I am trying to play around with some R code I found recently that imitates parts of Norvig's spell checker written in Python; In particular, I am trying to work out the right way to implement the edit2 function in R:
def splits(word):
return [(word[:i], word[i:])
for i in range(len(word)+1)]
def edits1(word):
pairs = splits(word)
deletes = [a+b[1:] for (a, b) in pairs if b]
transposes = [a+b[1]+b[0]+b[2:] for (a, b) in pairs if len(b) > 1]
replaces = [a+c+b[1:] for (a, b) in pairs for c in alphabet if b]
inserts = [a+c+b for (a, b) in pairs for c in alphabet]
return set(deletes + transposes + replaces + inserts)
def edits2(word):
return set(e2 for e1 in edits1(word) for e2 in edits1(e1))

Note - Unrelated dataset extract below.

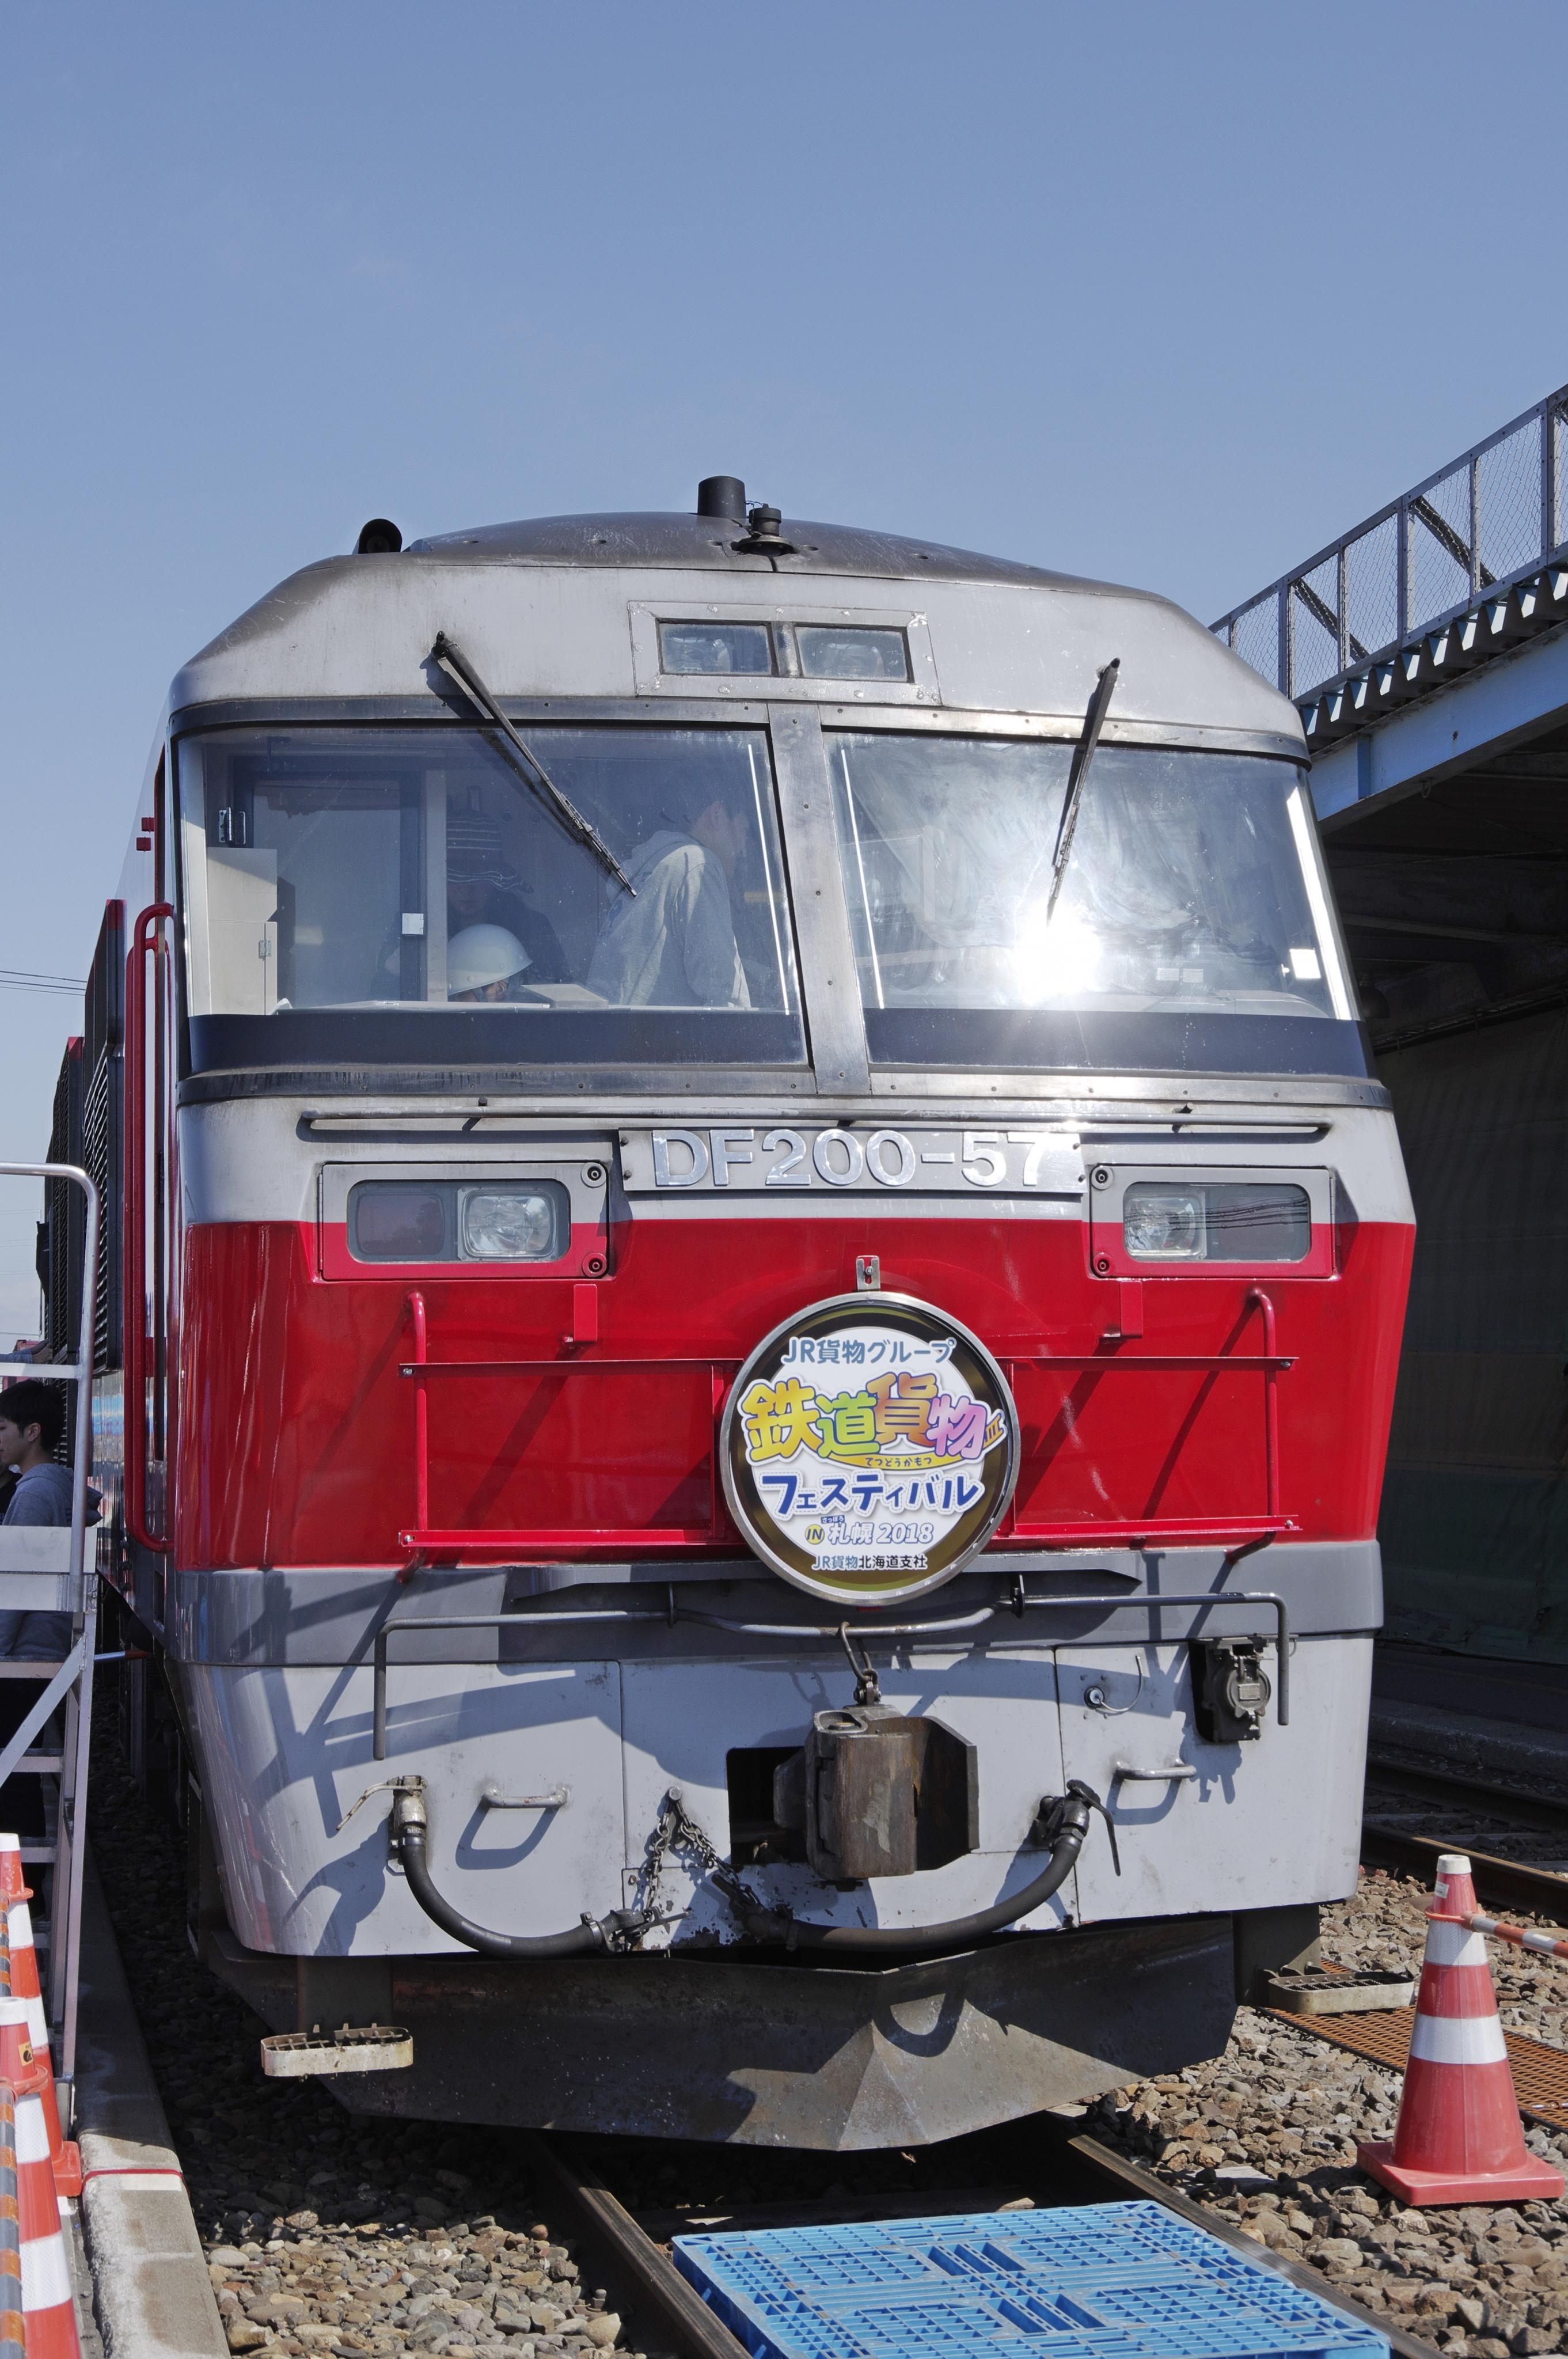 鉄道貨物フェスティバル2018in札幌 DF200-57_180520.jpg

However, in my benchmarks, it seems, generating thousands of small strings in R using paste0 (or str_c from stringr, or stri_join from stringi) results in code that is roughly 10x (or ~100x, or ~50x) slower than the Python implementation shown by Norvig. (Yes, the stringr and stringi-based functions interestingly are even slower than using paste0.) My questions are (with #3 being the main one I want resolved):
Am I doing this correctly (is the code "right")?
If so, is this a known issue of R (extremely slow string concatenation)?

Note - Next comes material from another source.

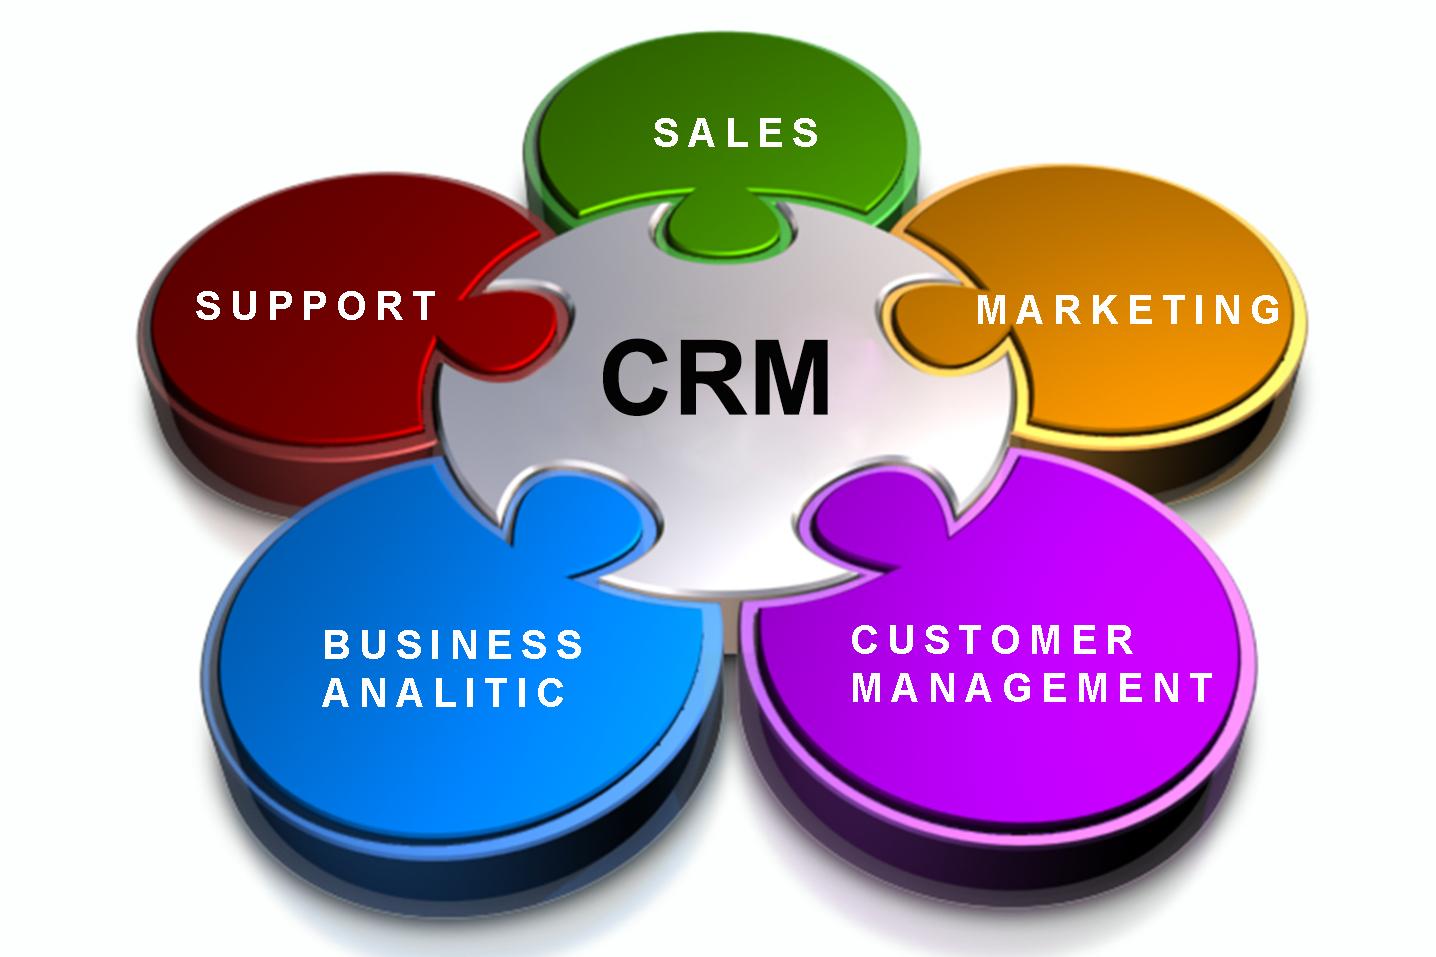 quản lý và chăm sóc khách hàng hiệu quả

Is there anything I can do about this to make this significantly faster (one or more orders of magnitude, at least) without rewriting the whole function in Rcpp11 or something like that?
Here is my R code I came up with for the edit2 function:
# 1. generate a list of all binary splits of a word
binary.splits <- function(w) {
n <- nchar(w)
lapply(0:n, function(x)
c(stri_sub(w, 0, x), stri_sub(w, x + 1, n)))
}
# 2. generate a list of all bigrams for a word
bigram.unsafe <- function(word)
sapply(2:nchar(word), function(i) substr(word, i-1, i))
bigram <- function(word)
if (nchar(word) > 1) bigram.unsafe(word) else word
# 3. four edit types: deletion, transposition, replacement, and insertion
alphabet = letters
deletions <- function(splits) if (length(splits) > 1) {
sapply(1:(length(splits)-1), function(i)
paste0(splits[[i]][1], splits[[i+1]][2]), simplify=FALSE)
} else {
splits[[1]][2]
}
transpositions <- function(splits) if (length(splits) > 2) {
swaps <- rev(bigram.unsafe(stri_reverse(splits[[1]][2])))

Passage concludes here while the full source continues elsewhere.